• **STORED DATA**:

[Start of Attachment]

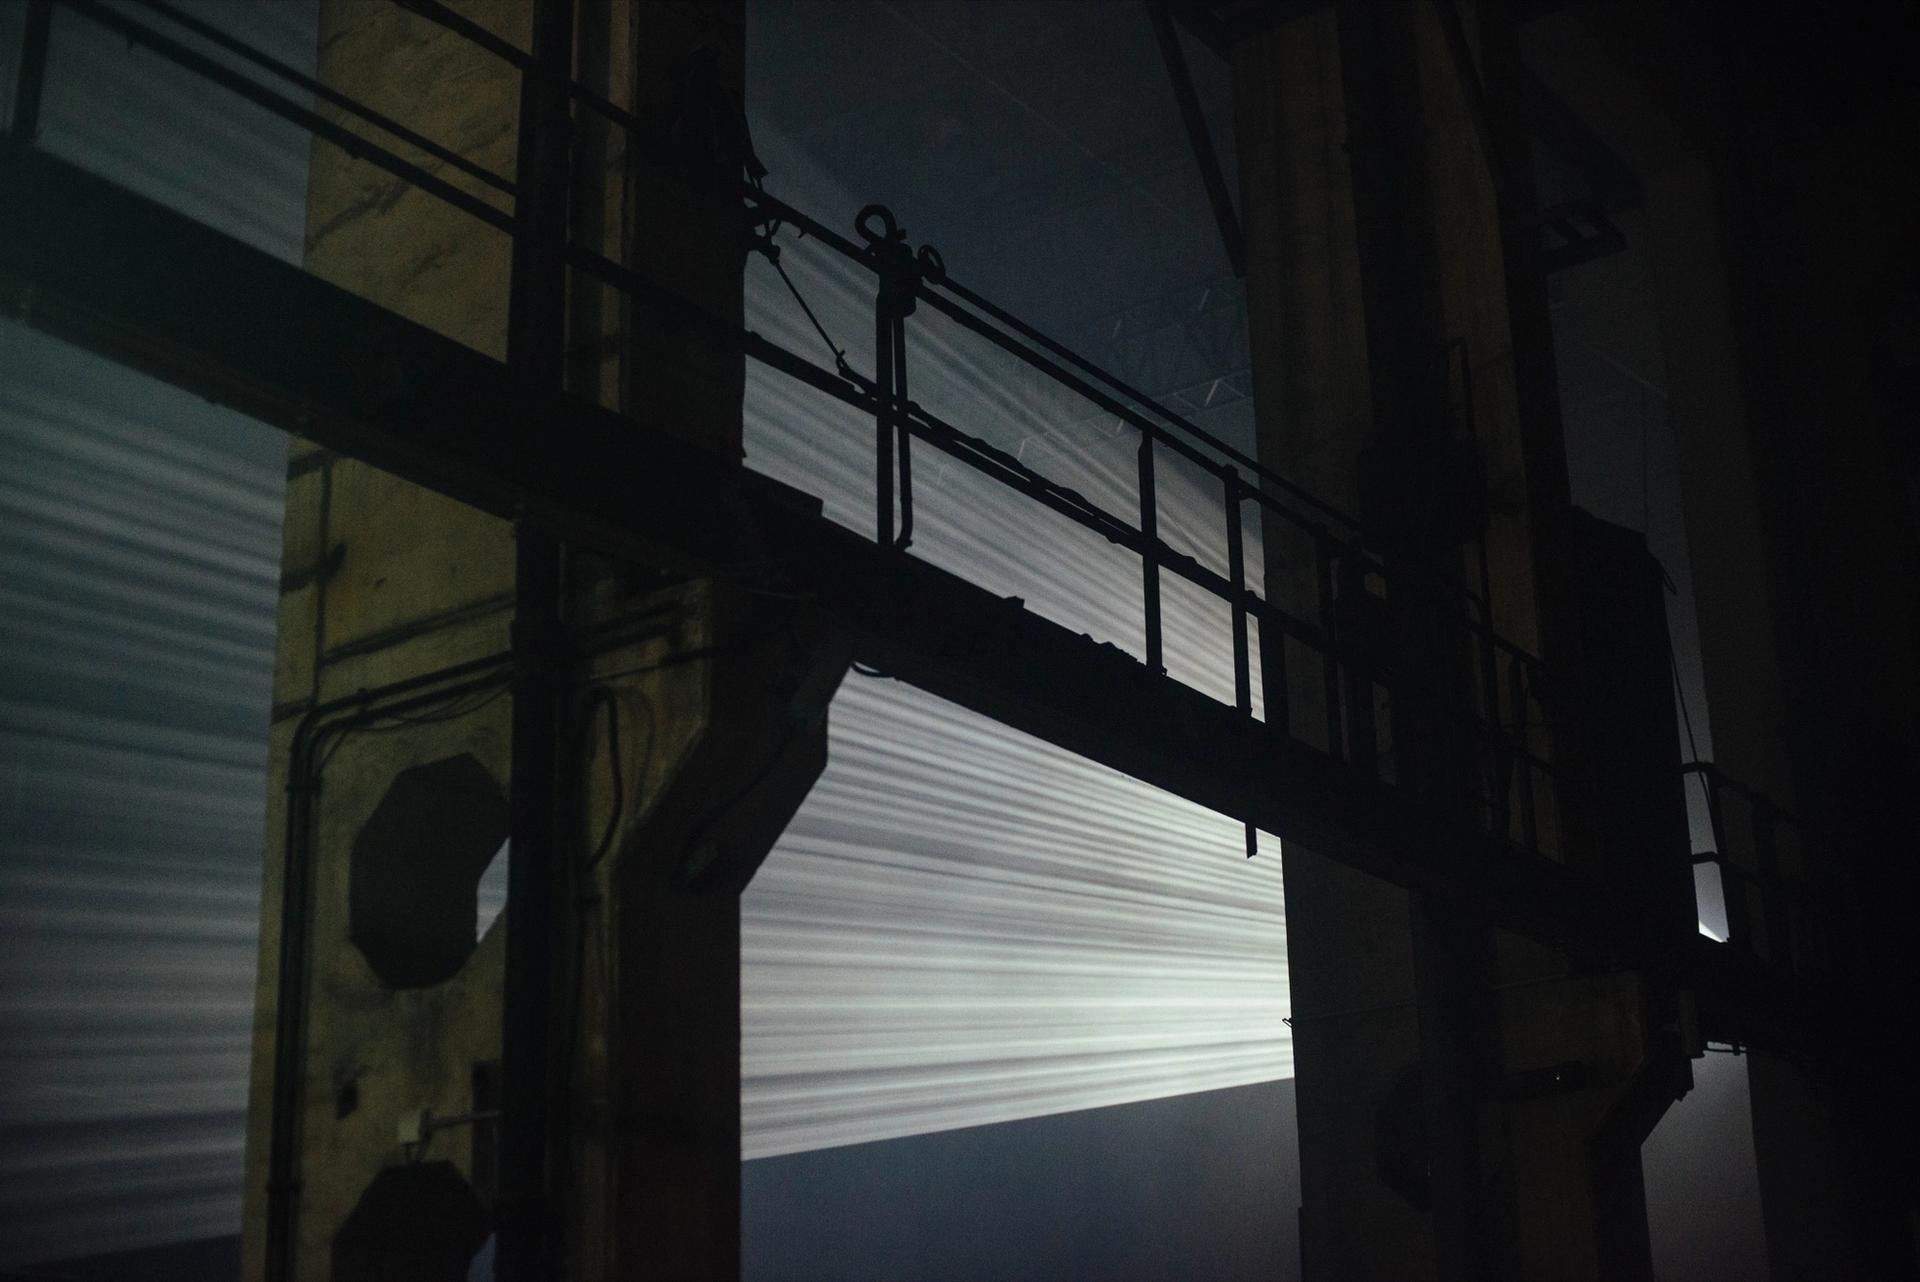 Photo by Camille Blake, courtesy of Berlin Atonal.
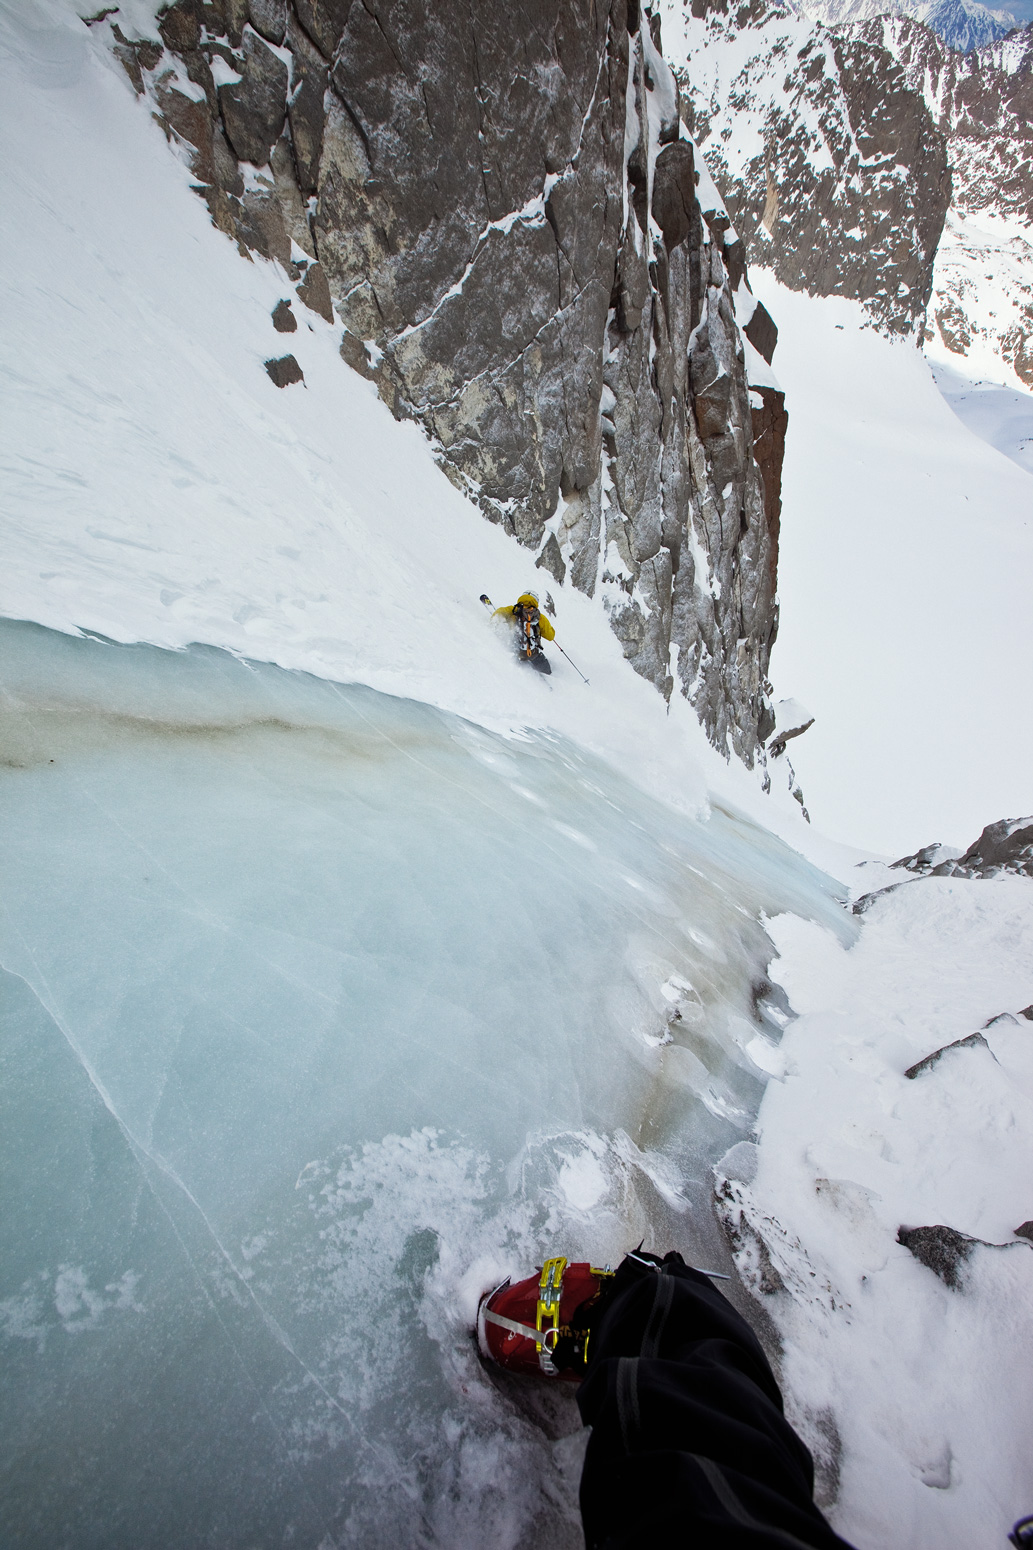 2009 with Ryan Boyer in the Sierra Palisades at 14,000 feet. I had first envisioned skiing next to ice in Chamonix in 2008, but it never materialized. When our friend went up this couloir and sent me a pic of the ice the following winter, I knew this was my chance. Ryan is skiing on telemarks and I’m in some pre-AT conversion with minimal walk mode. The foot was not part of the original vision, but happened to lend some perspective. 
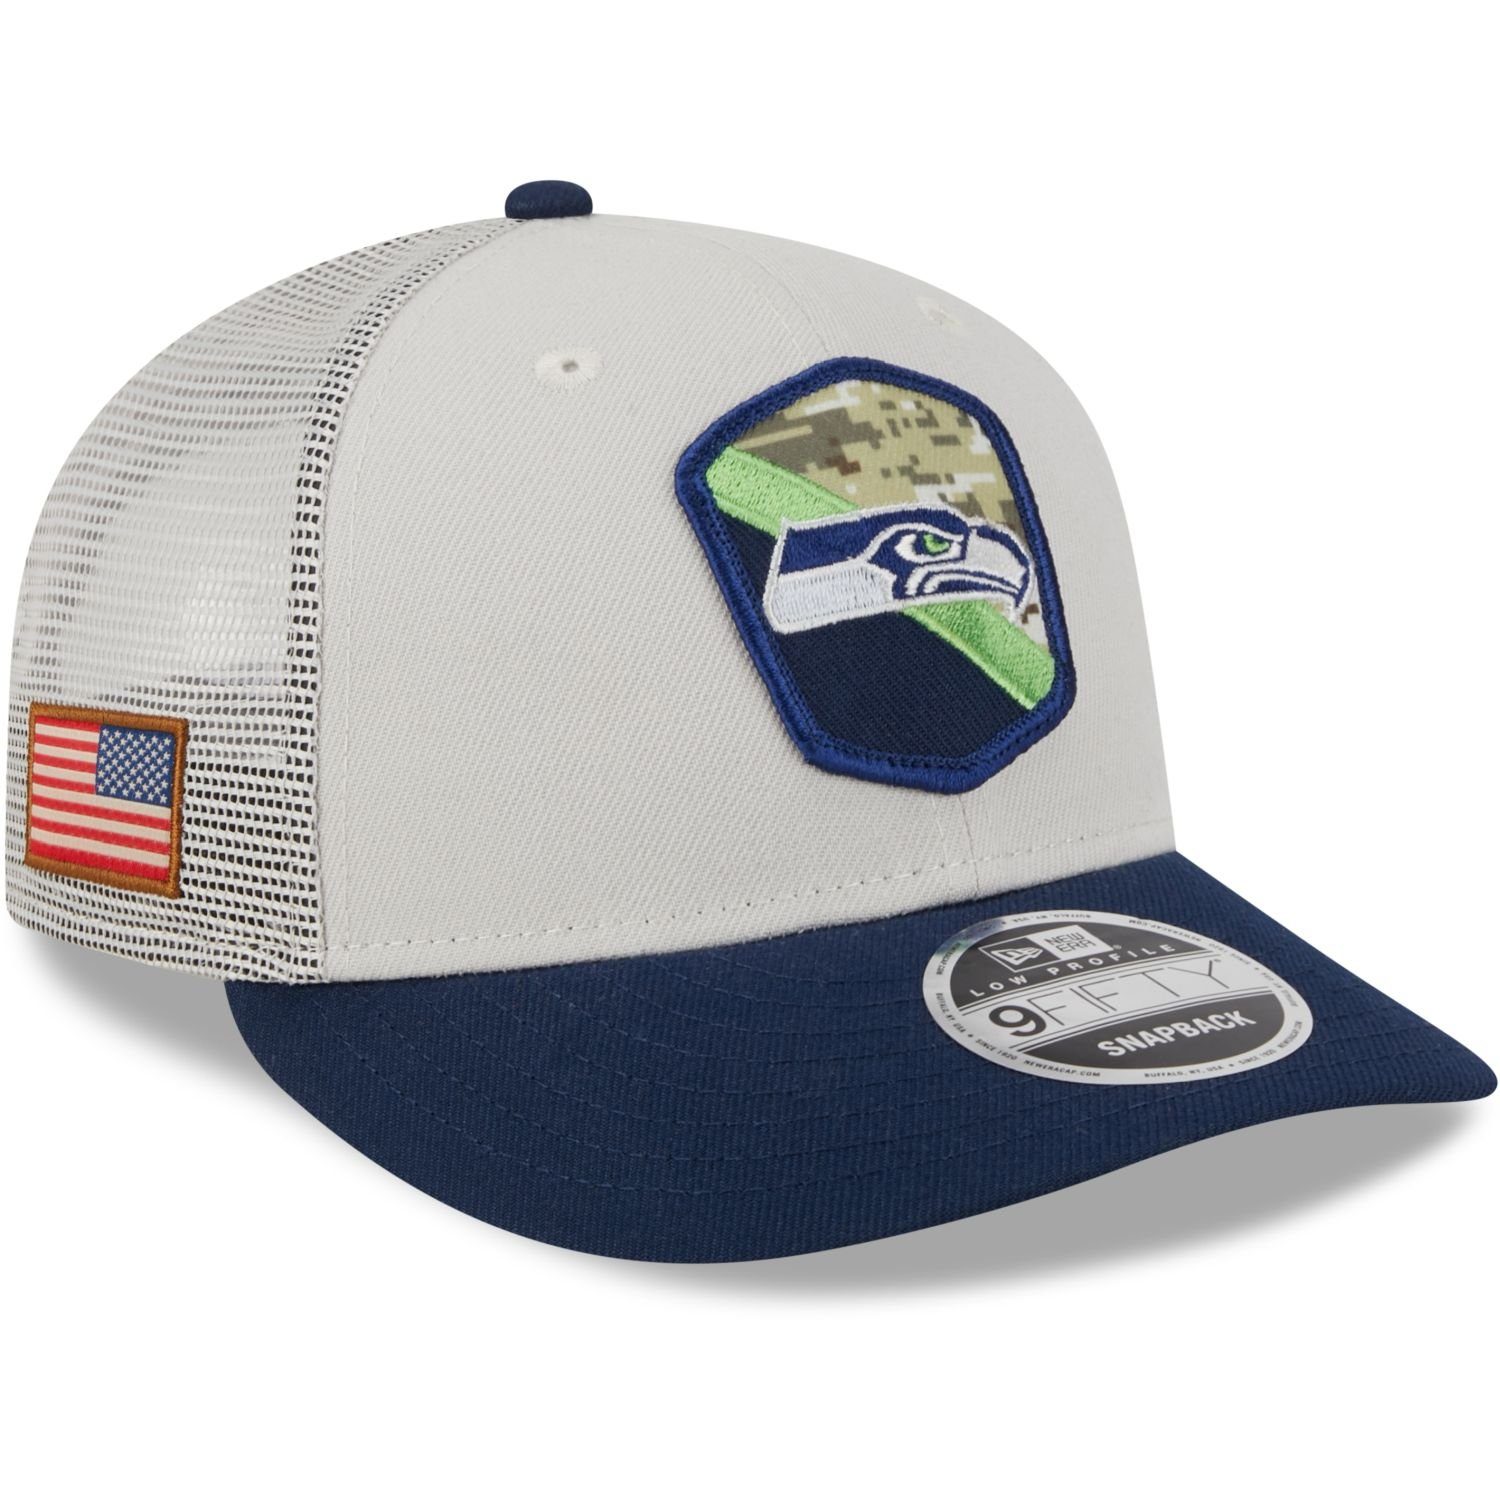 New Era Snapback Cap 9Fifty Low Profile Snap NFL Salute to Service Seattle Seahawks

[End of Attachment]

• **WHAT THIS TASK INVOLVES**:
None of the pictures should be kept; reproduce all the remaining material exactly.

• **YOUR SOLUTION**:
 Photo by Camille Blake, courtesy of Berlin Atonal.
 2009 with Ryan Boyer in the Sierra Palisades at 14,000 feet. I had first envisioned skiing next to ice in Chamonix in 2008, but it never materialized. When our friend went up this couloir and sent me a pic of the ice the following winter, I knew this was my chance. Ryan is skiing on telemarks and I’m in some pre-AT conversion with minimal walk mode. The foot was not part of the original vision, but happened to lend some perspective. 
 New Era Snapback Cap 9Fifty Low Profile Snap NFL Salute to Service Seattle Seahawks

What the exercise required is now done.